*Try it*:
Write back every line of the listing exactly, excluding images.

*Data excerpt*:
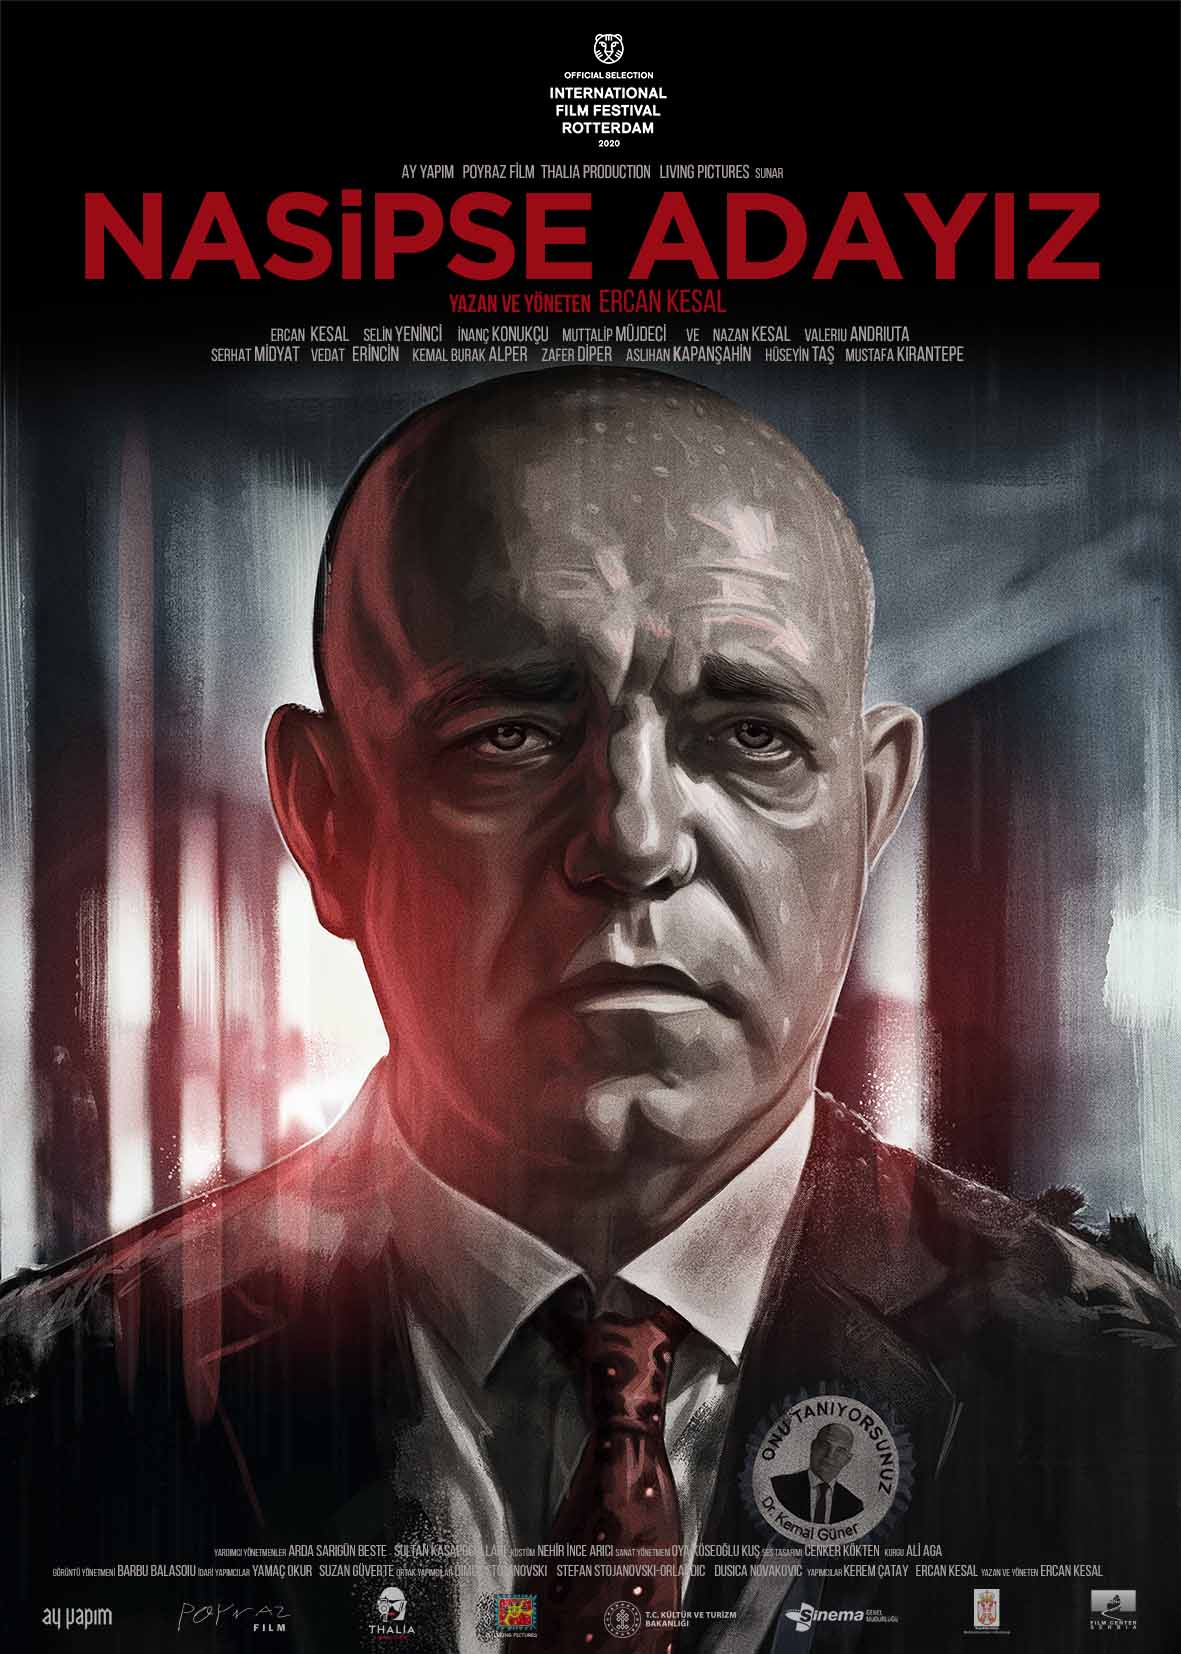 Belgrad Film Festivali'nden Nasipse Adayız'a ödül
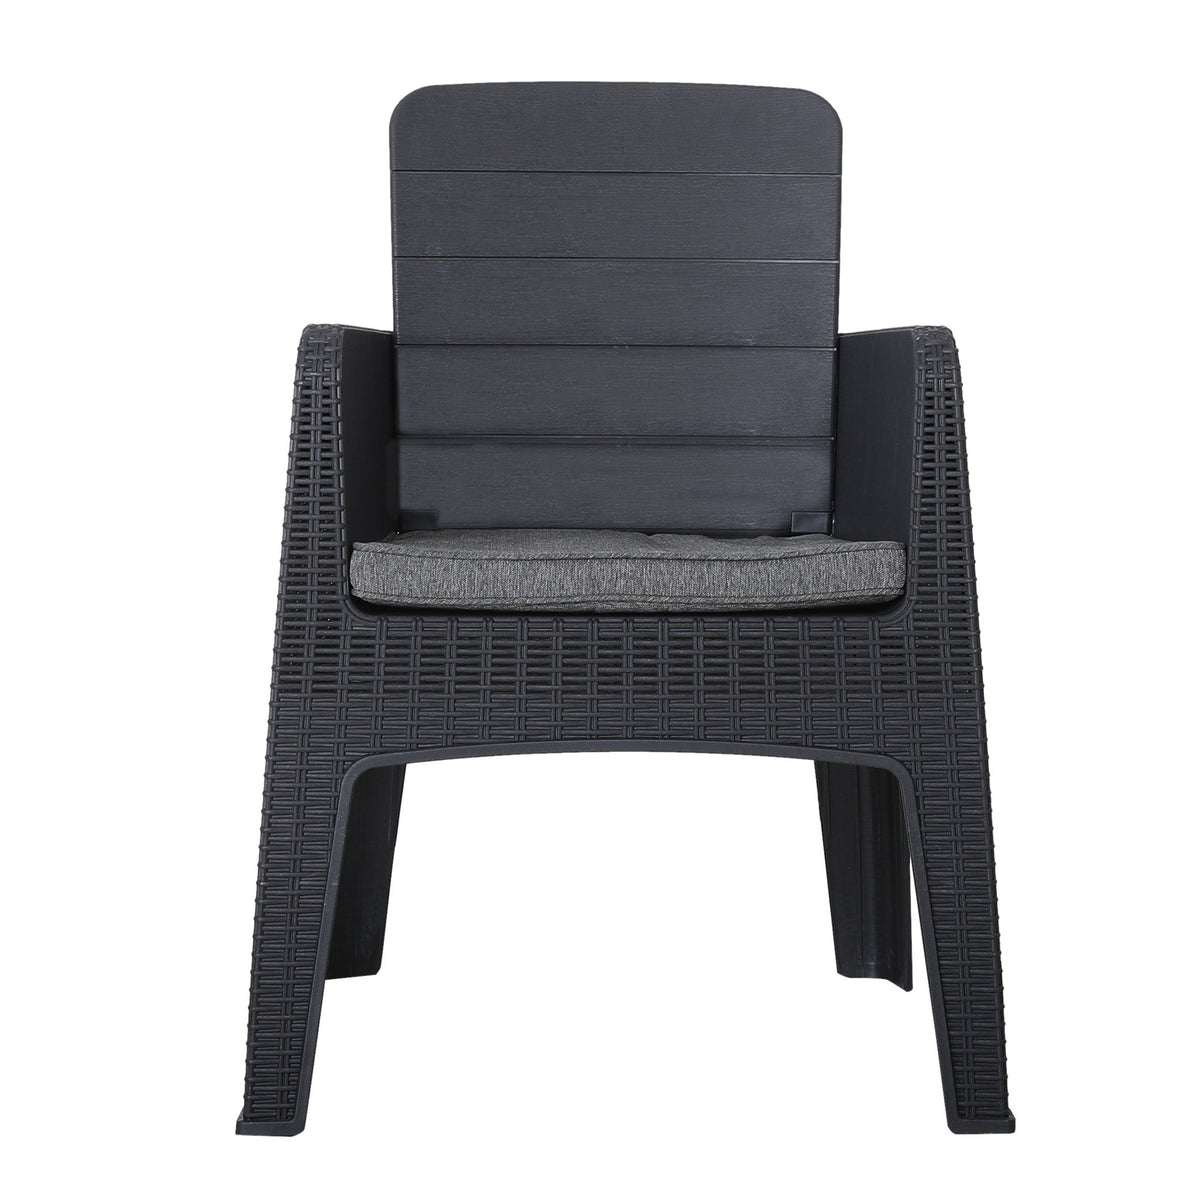 Faro Black 4 Seat Square Garden Dining Set Chair
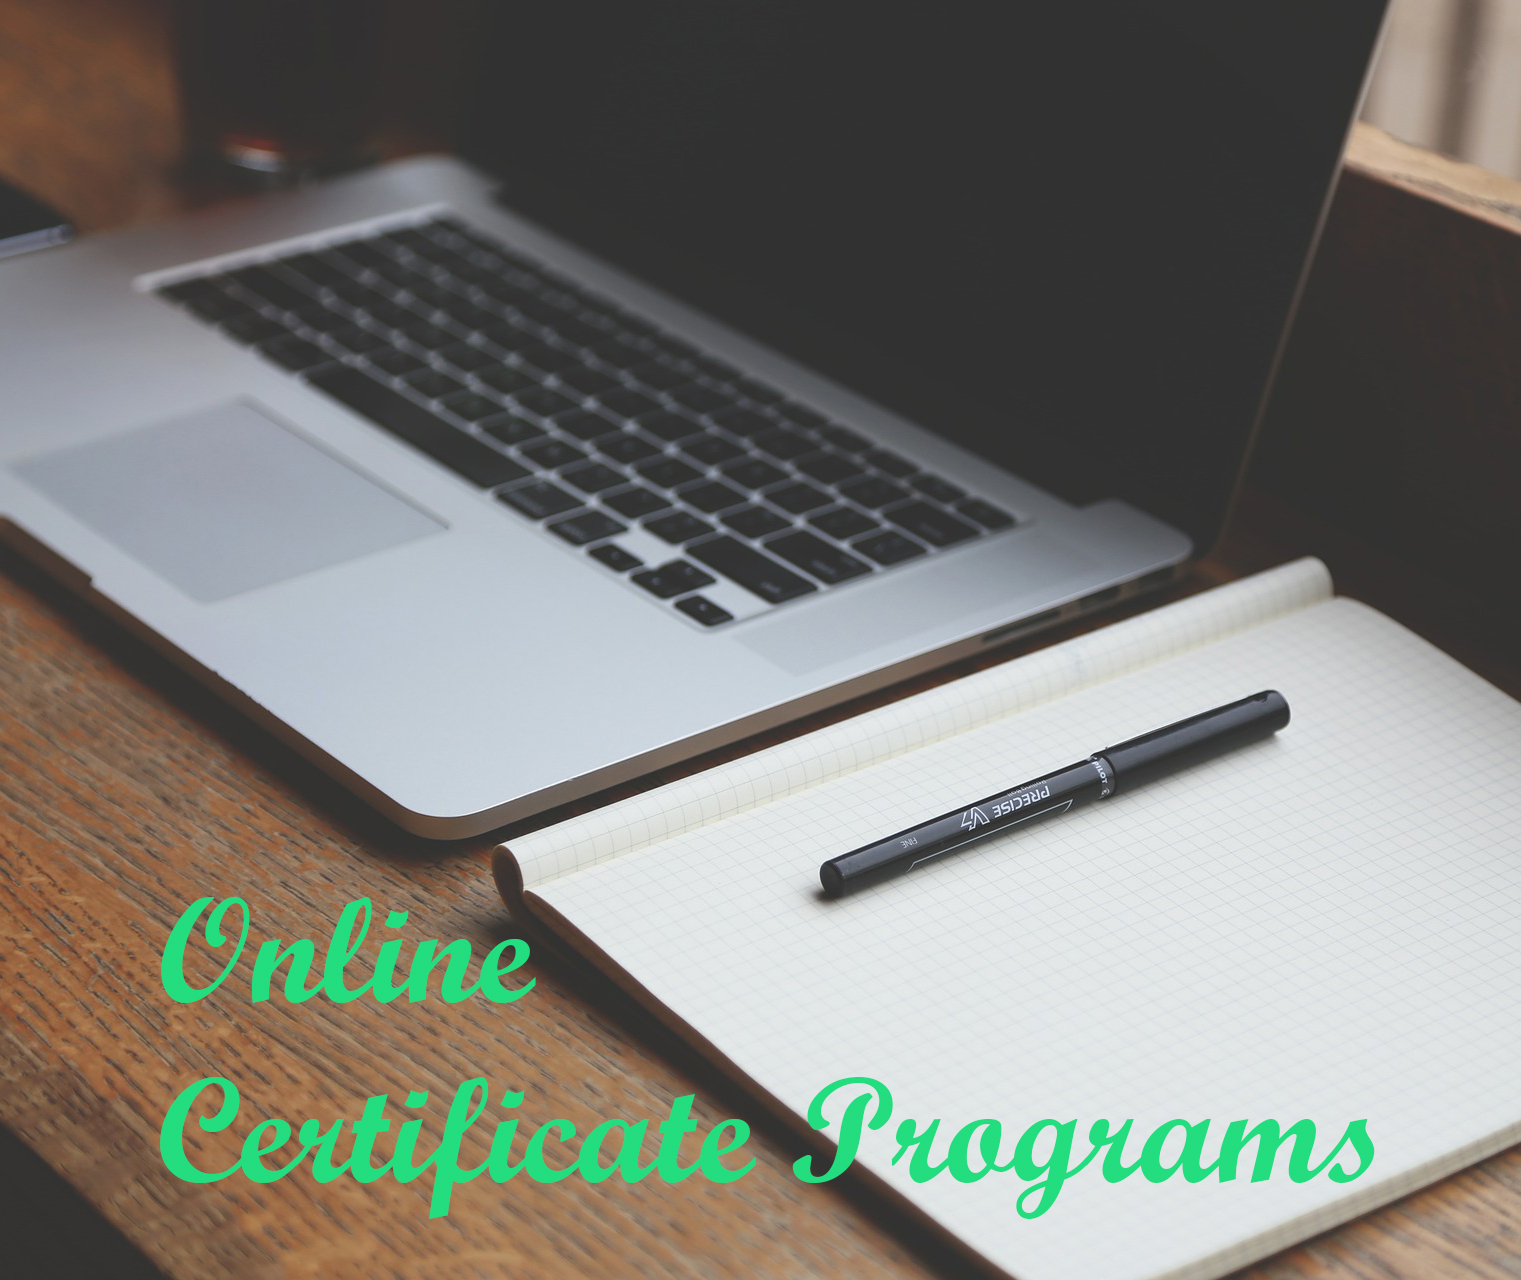 uploads/category/Online Certificate Programs

*Answer box*:
 Belgrad Film Festivali'nden Nasipse Adayız'a ödül
 Faro Black 4 Seat Square Garden Dining Set Chair
 uploads/category/Online Certificate Programs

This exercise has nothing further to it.